Go soul, the body’s guest,
Upon a thankless arrant, [errand]
Fear not to touch the best,
The truth shall be thy warrant:
Go, since I needs must die,
And give the world the lie.
Say to the Court it glows,
And shines like rotten wood,
Say to the Church it shows
What’s good, and doth no good.
If Church and Court reply,
Then give them both the lie. (lines 1-12)

The expression “to give the lie (to someone)” means to accuse someone directly and
openly of being untruthful. Raleigh does not exempt educators from his charges: “wit”
excessively “wrangles / In tickle-points of niceness,” while “schools … want profoundness
/ And stand too much on seeming” (lines 43-44 and 63-64; “want” means “lack”).

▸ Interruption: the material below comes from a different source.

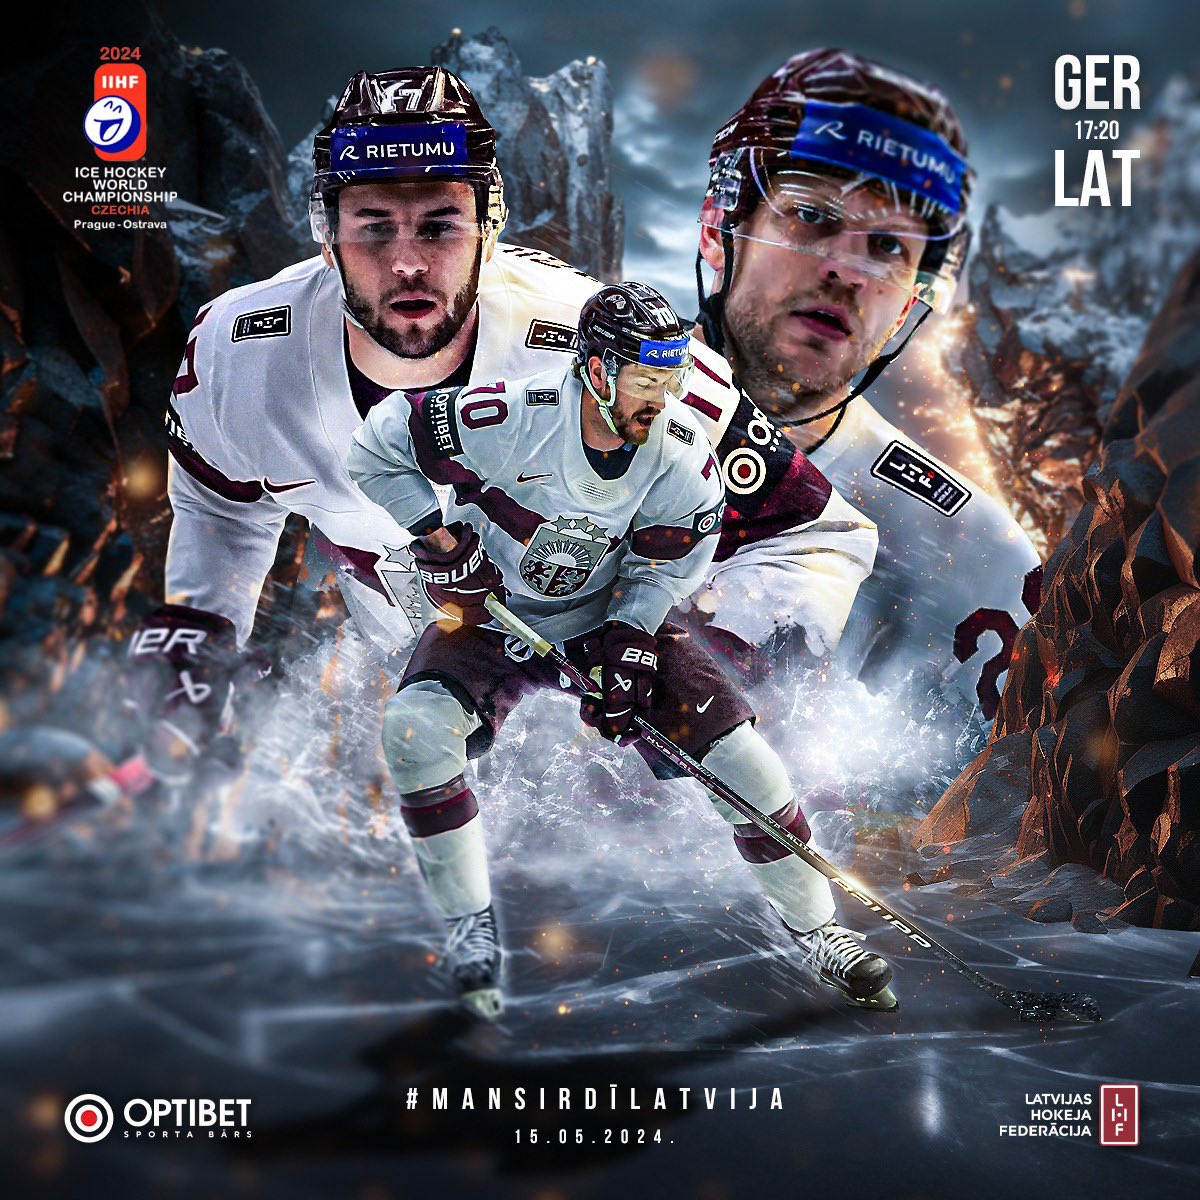 Šodien Latvijas 🇱🇻 nacionālajai izlasei Pasaules čempionāta ceturtā spēle. Mūsu hokejisti tiekas ar Vācijas 🇩🇪 izlasi! Par Latviju, par uzvaru!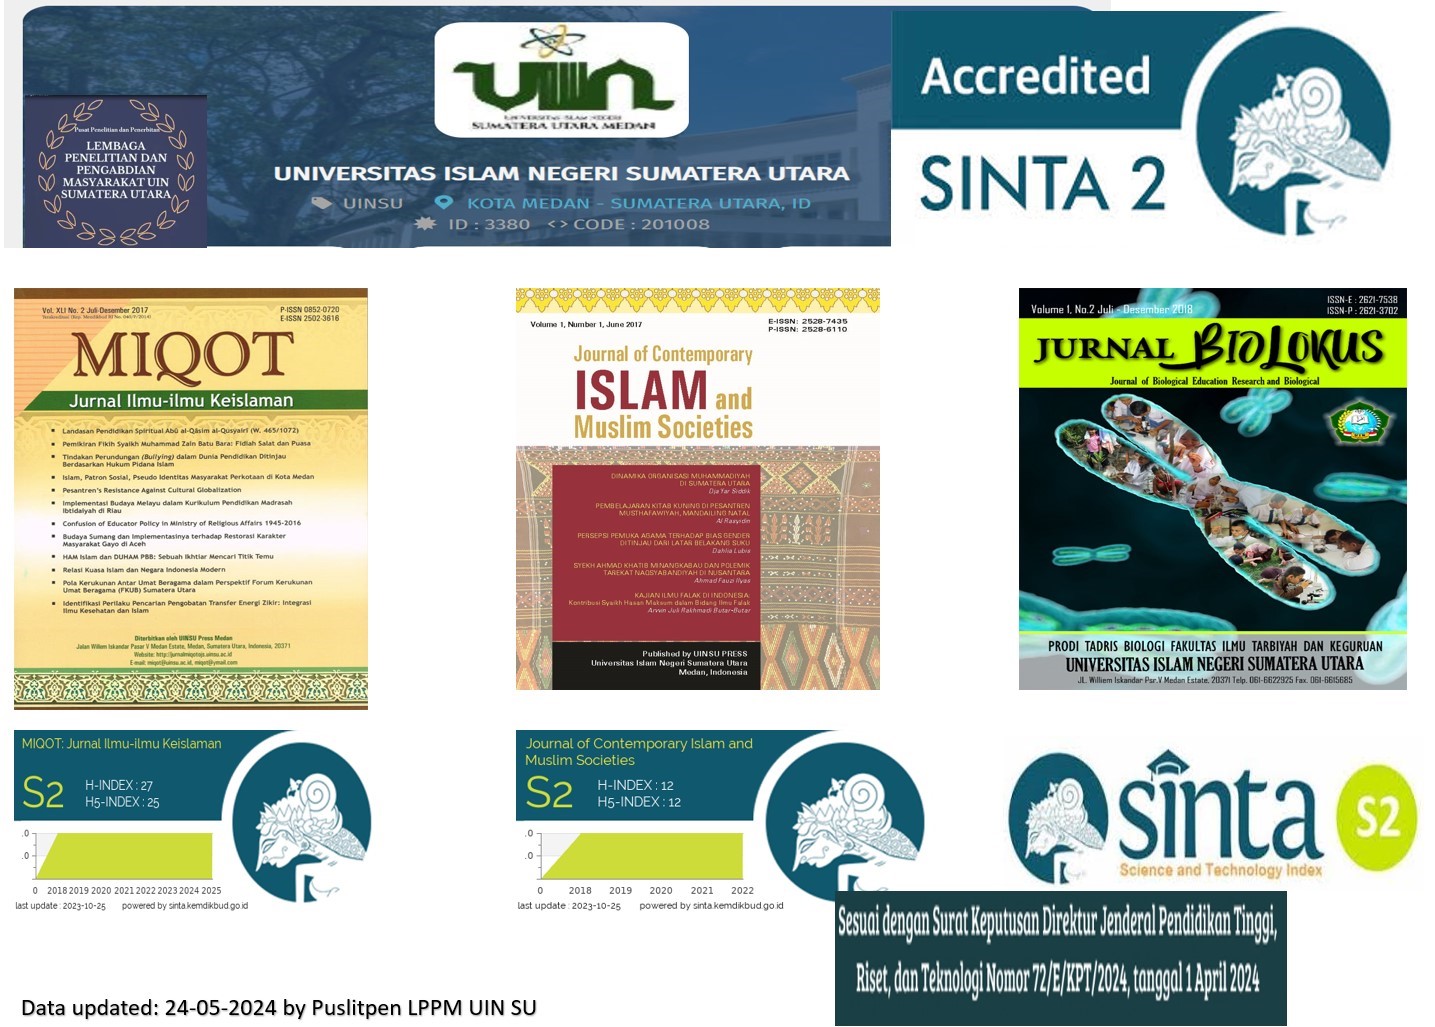 UIN SU Capai Jurnal Akreditasi SINTA-2 Terbanyak pada Wilayah Provinsi Sumatera Utara

Given both how much more is empirically known and potentially available in our age,
and how essential an informed citizenry be for a healthy democracy to function, this
systemic failure, this contemporary trahison des clercs, seems, if possible, even more
perilous now than four centuries ago.

This status quo can hardly be sustained indefinitely. Perhaps it is not too soon for
aficionados of classical genres to dig out their reed pipes in anticipation of the next big
thing: viz., pastoral elegy. Since like a train-wreck celebrity addicted to adrenaline,
danger, and drugs, the Humanities seem intent on willful self-destruction, it would only
be fitting, in the spirit of paradiastole, to chant a requiem of lamentation recounting how
they passed mildly away at a ripe old age.